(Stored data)
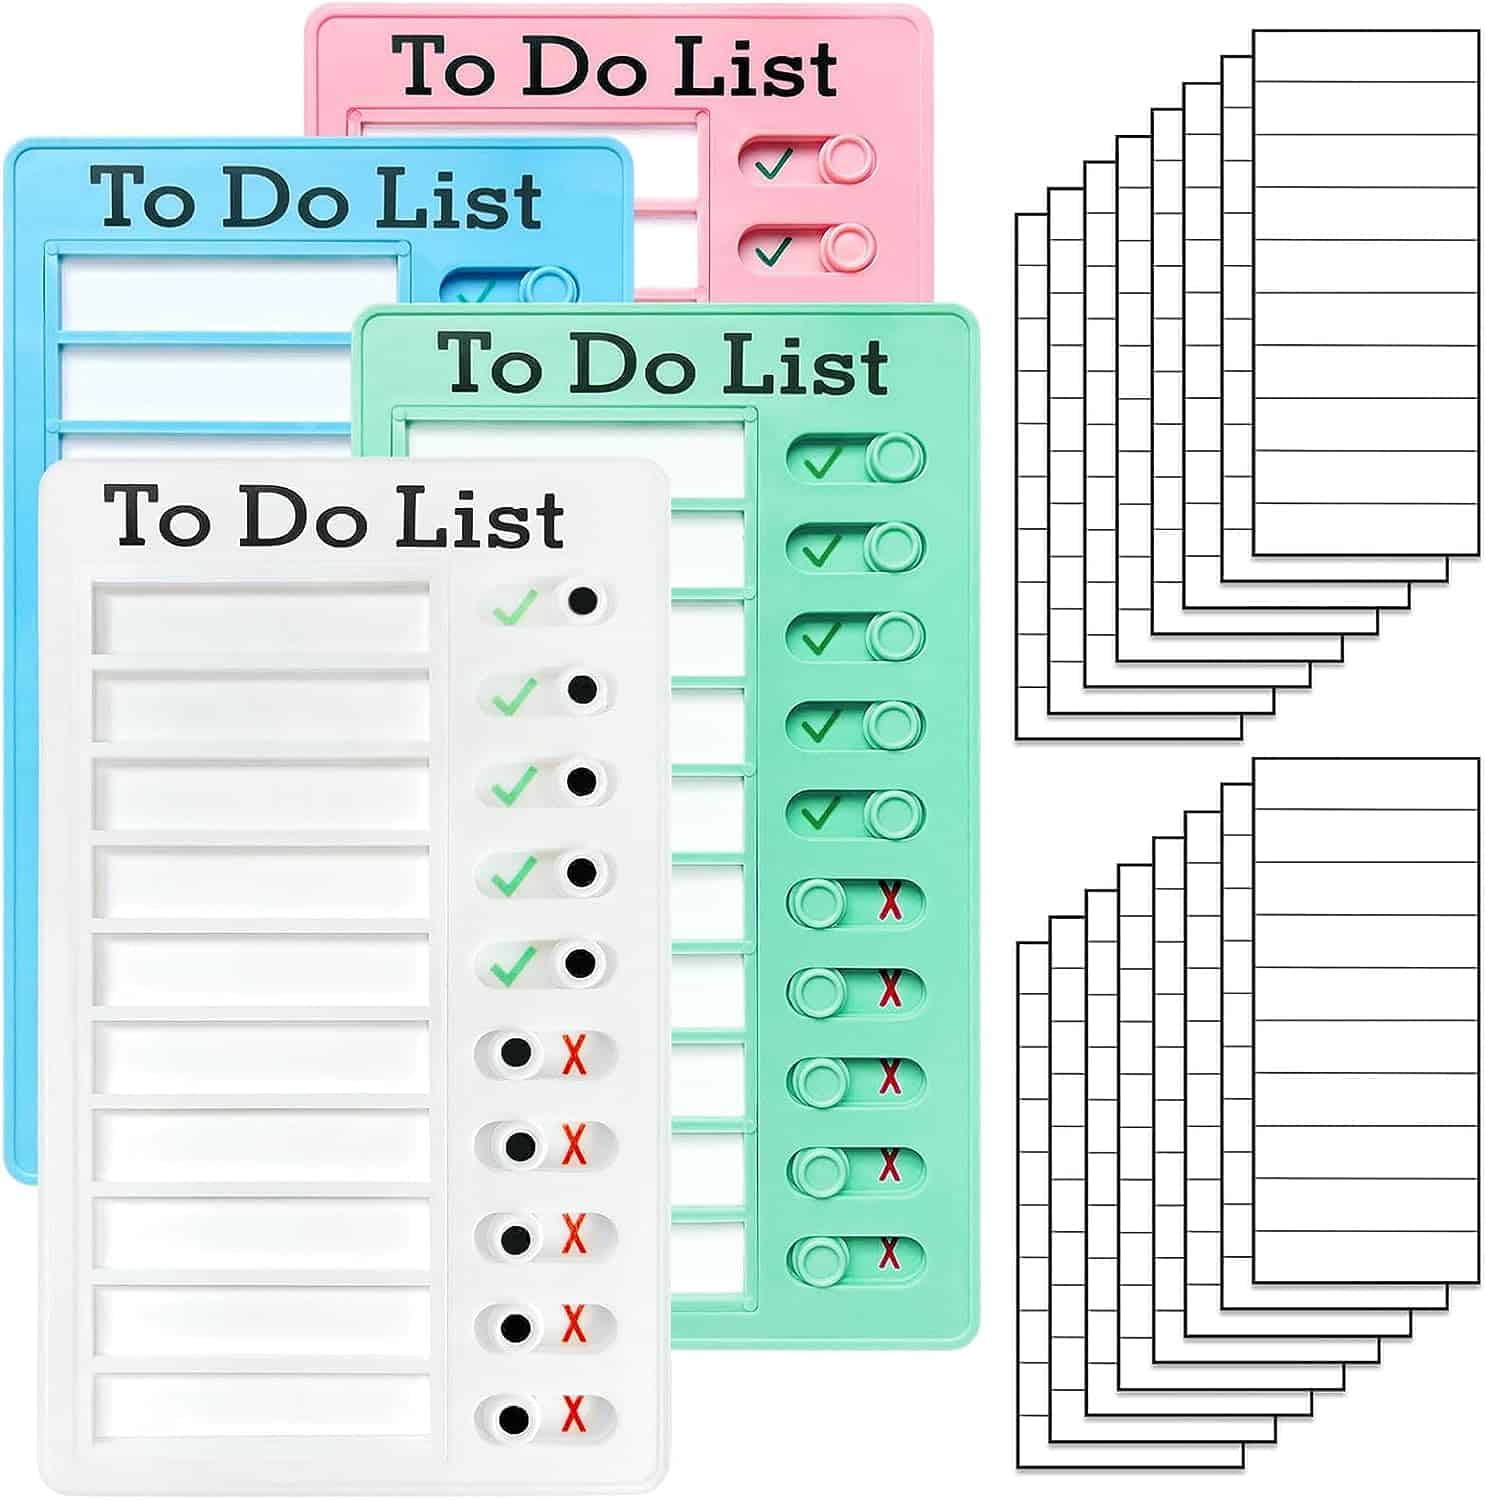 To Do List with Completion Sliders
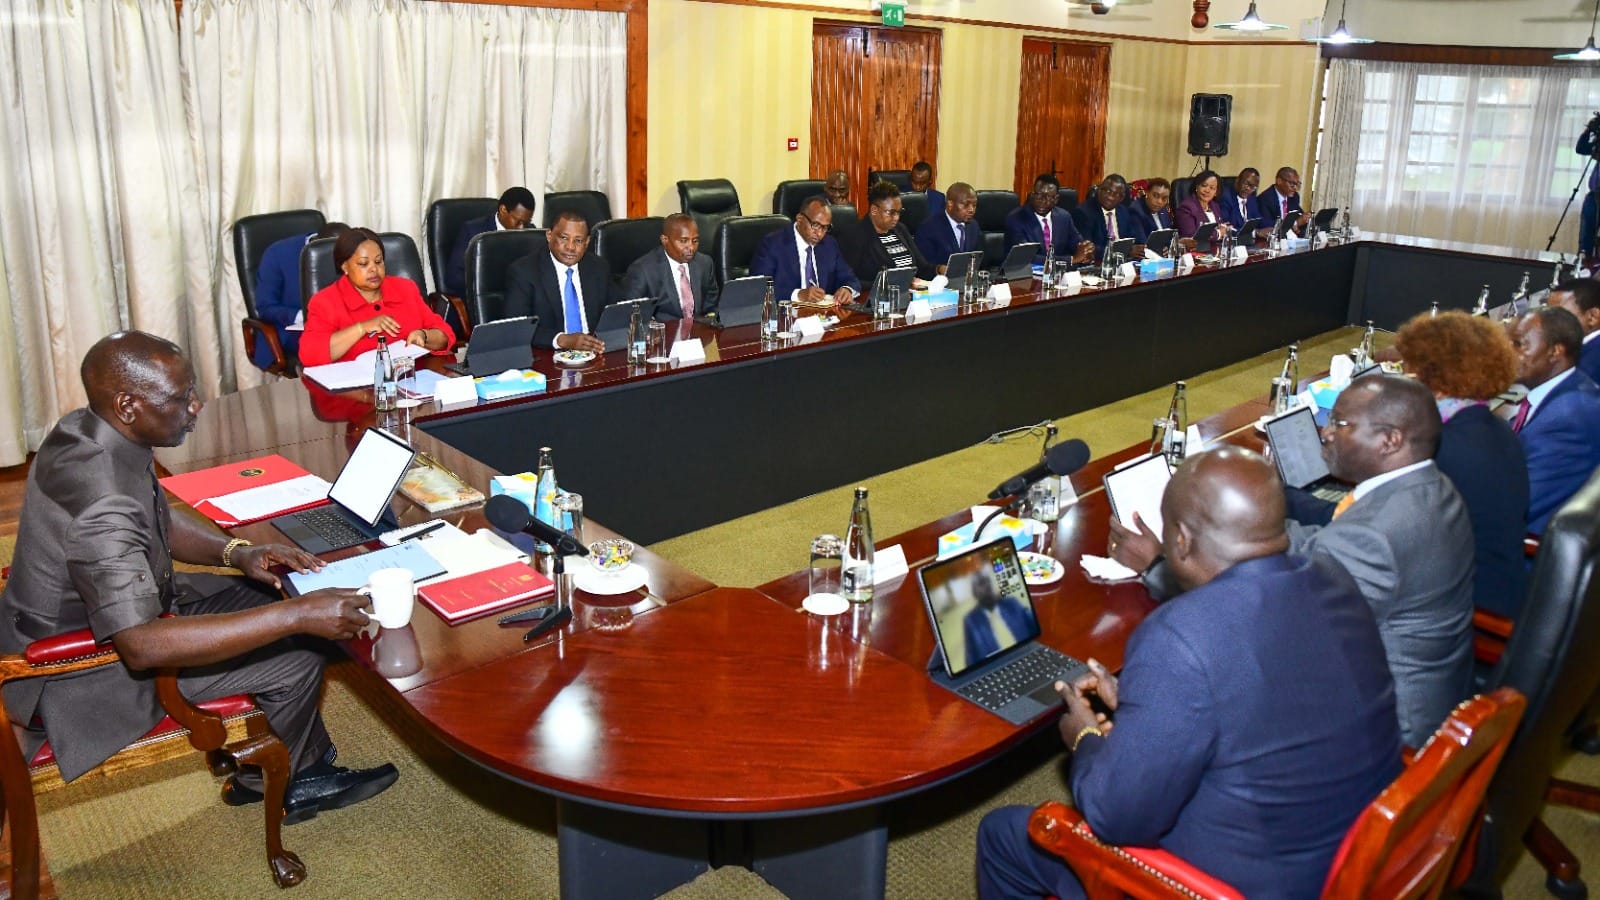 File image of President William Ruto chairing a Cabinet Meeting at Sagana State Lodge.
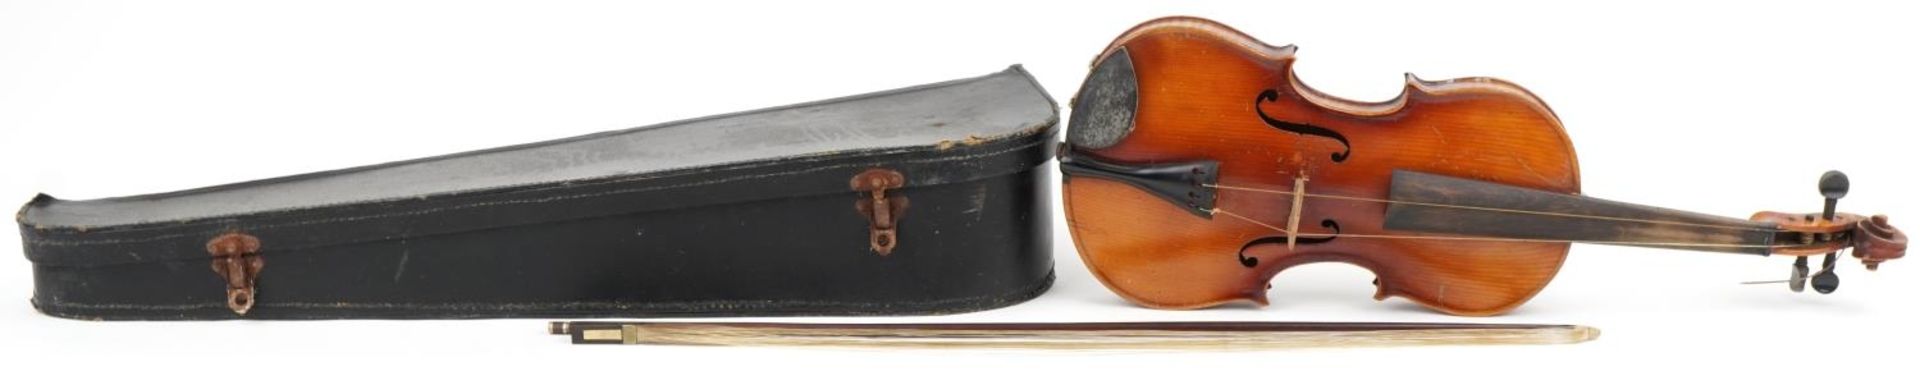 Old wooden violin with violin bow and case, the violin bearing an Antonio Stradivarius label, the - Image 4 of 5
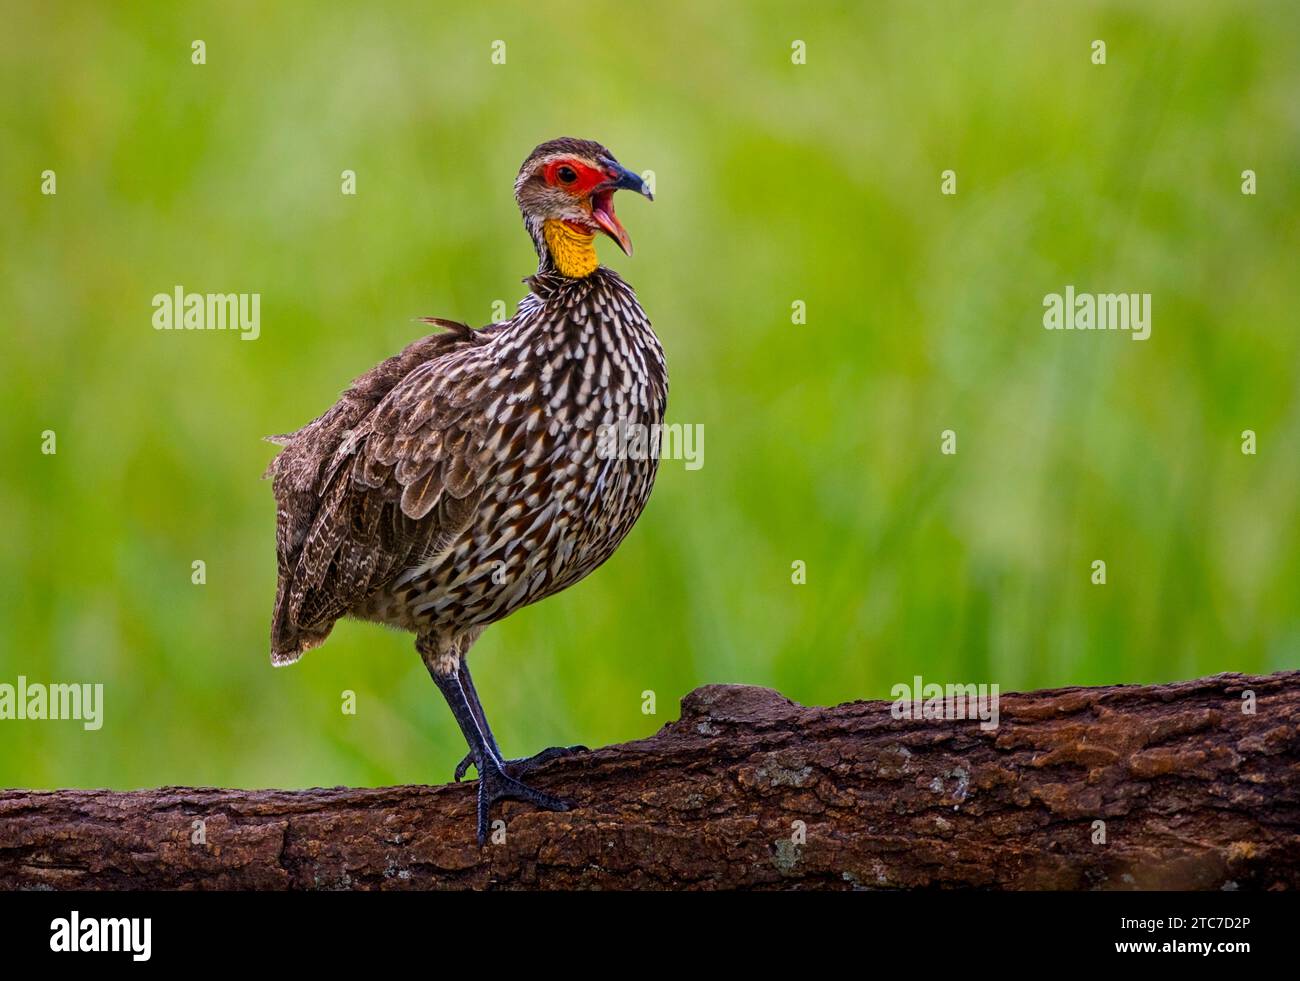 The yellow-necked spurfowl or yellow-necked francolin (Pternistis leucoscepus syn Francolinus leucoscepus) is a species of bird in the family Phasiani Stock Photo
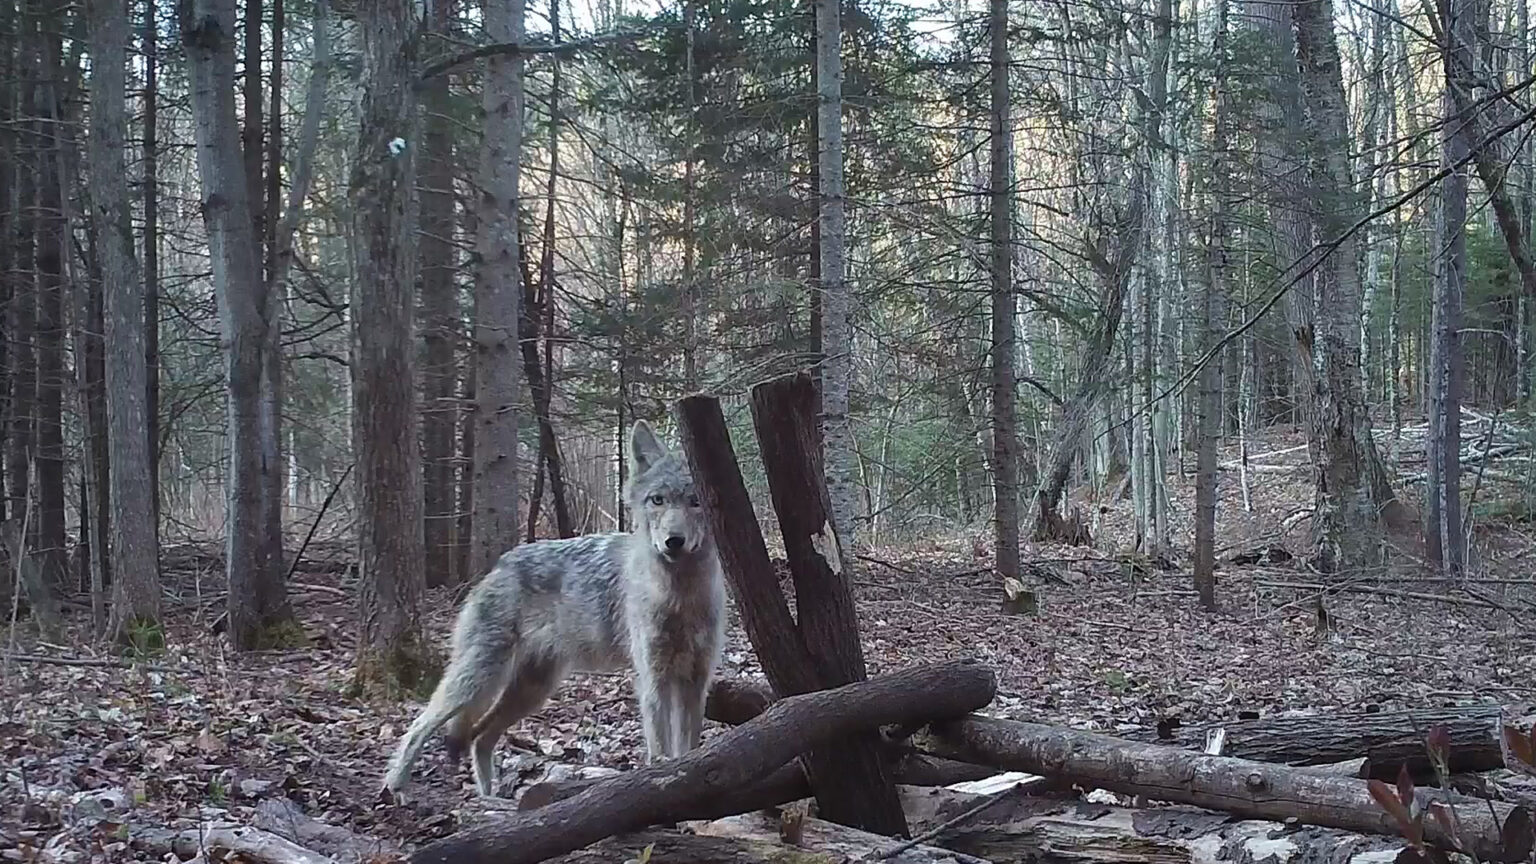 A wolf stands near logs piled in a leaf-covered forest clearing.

Work request
Each line from the one containing "The yellow-necked spurfowl" through the last line above should be retyped exactly, and no other line. Any picture is to be left out.

Task solution
 The yellow-necked spurfowl or yellow-necked francolin (Pternistis leucoscepus syn Francolinus leucoscepus) is a species of bird in the family Phasiani Stock Photo
 A wolf stands near logs piled in a leaf-covered forest clearing.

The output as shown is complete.